> [Raw data]

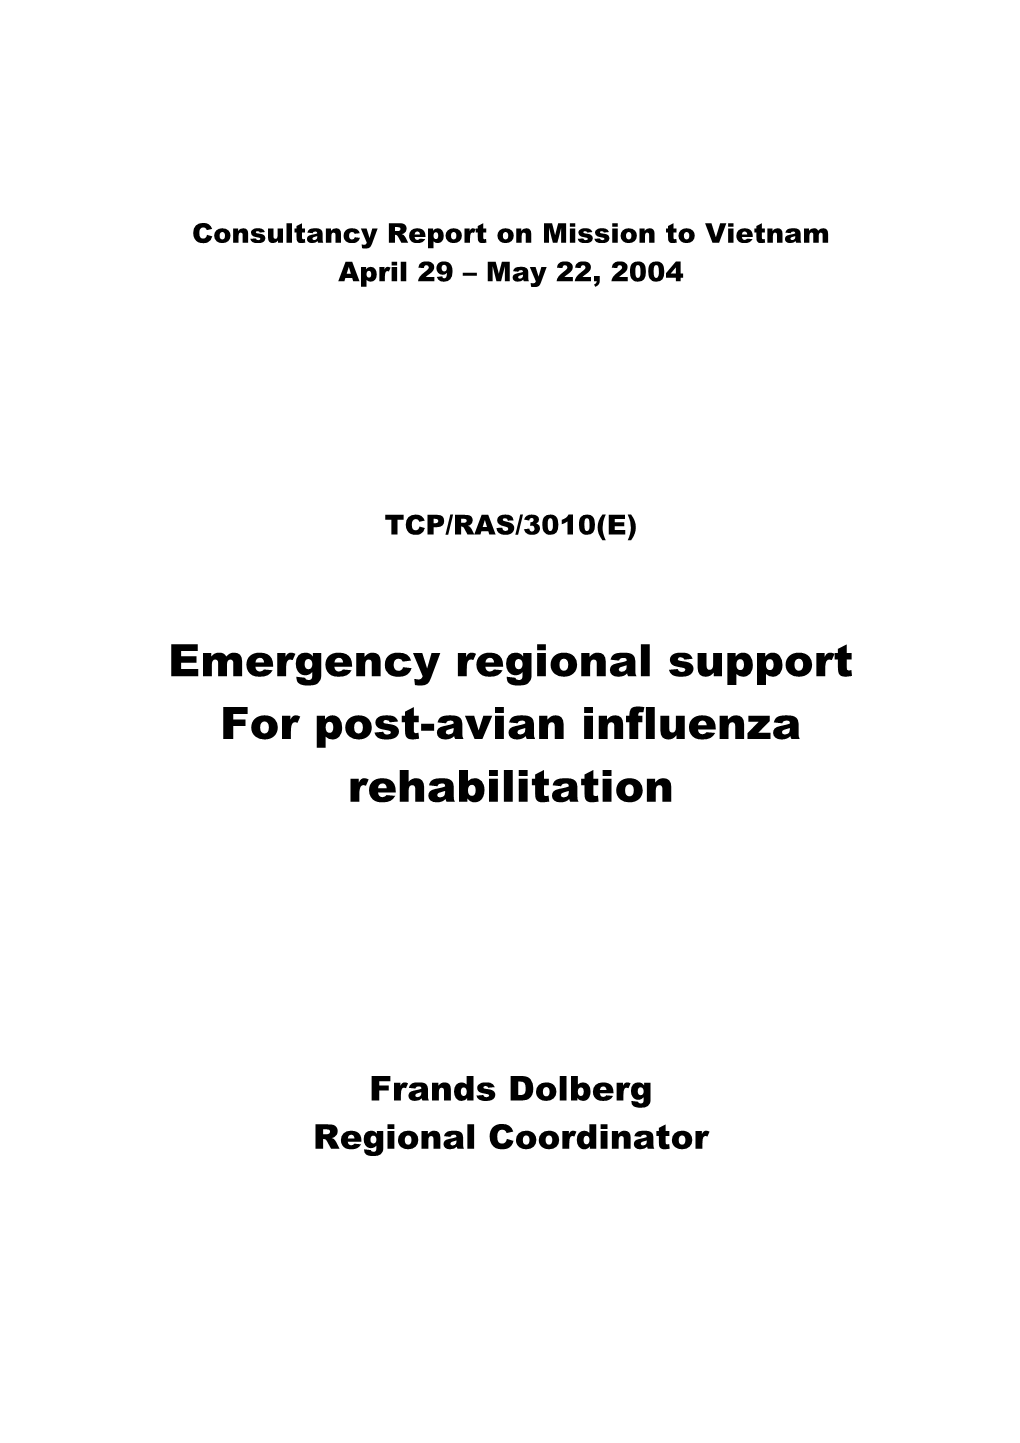 Emergency Regional Support for Post-Avian Influenza Rehabilitation
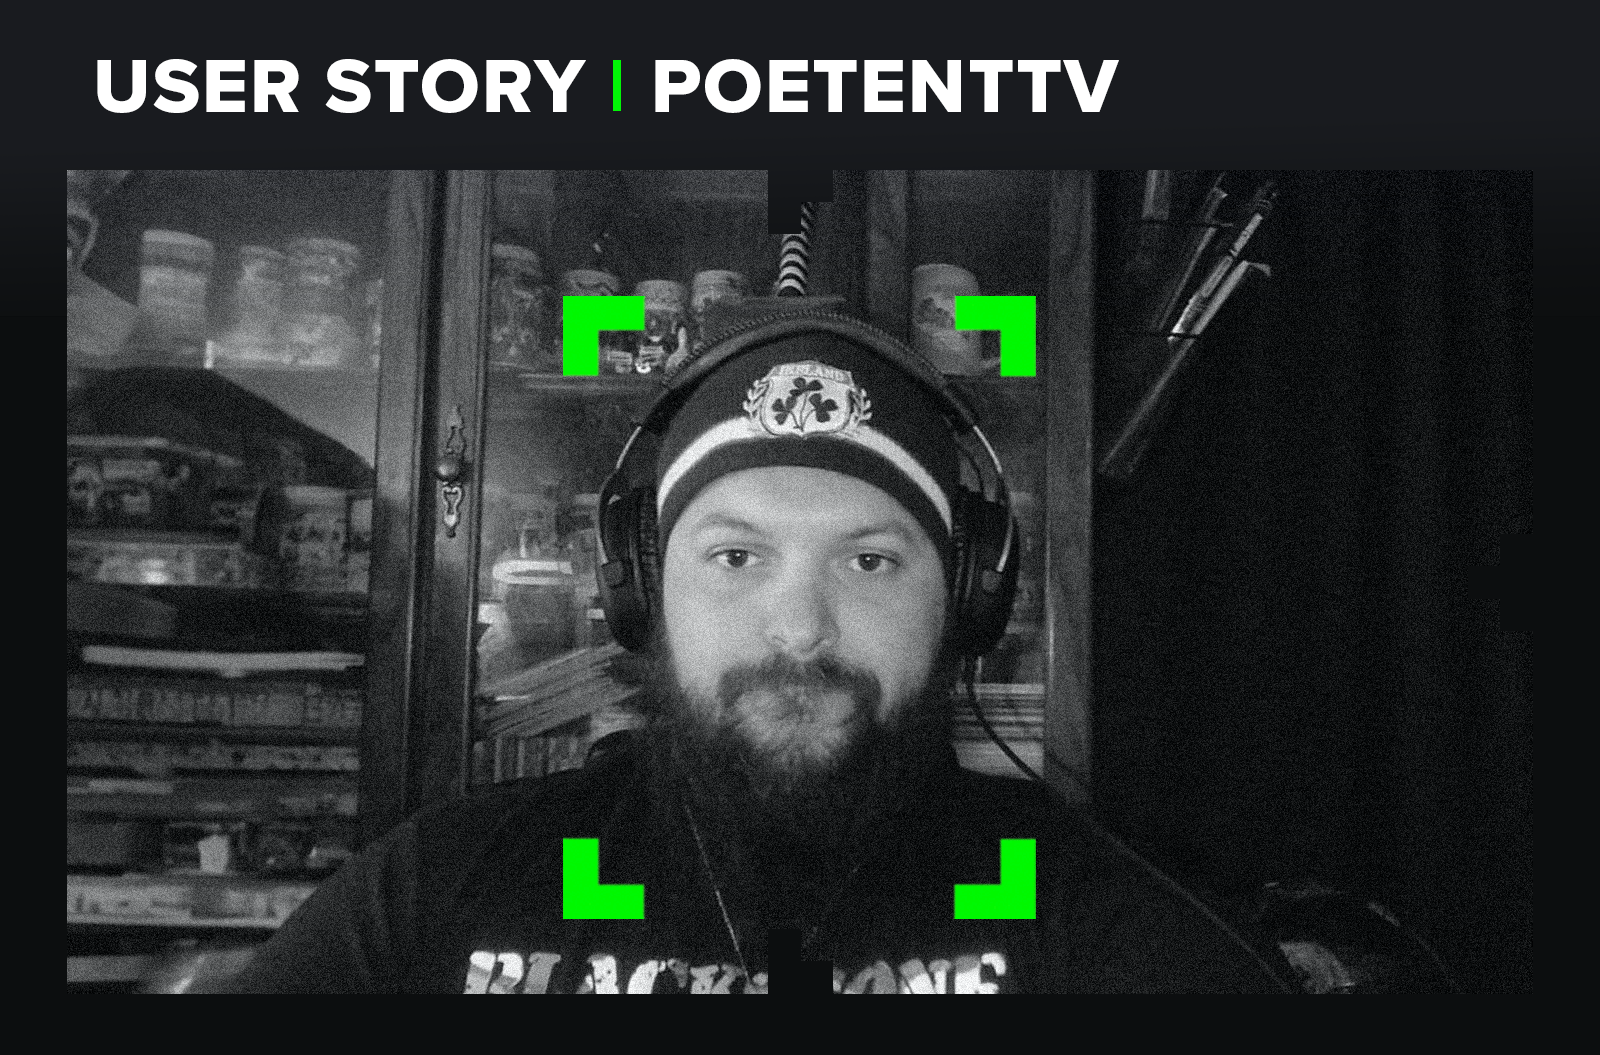 Poetenttv - User Story
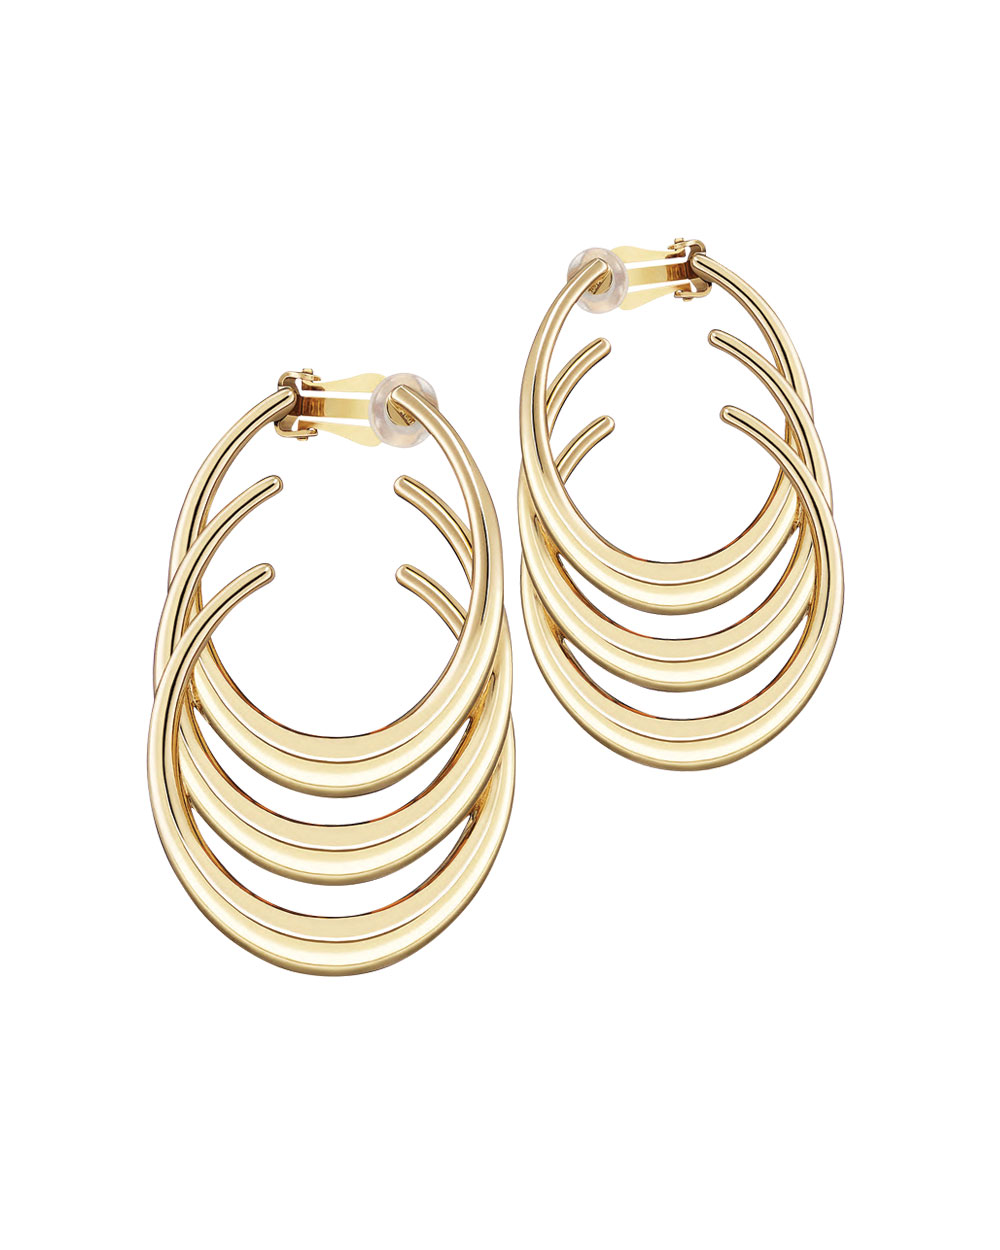 Christian Dior earrings, $1150

> [Work to be completed] Could you write out the whole listing exactly, skipping every picture?

> [Output for this exercise]
 Emergency Regional Support for Post-Avian Influenza Rehabilitation
 Poetenttv - User Story
 Christian Dior earrings, $1150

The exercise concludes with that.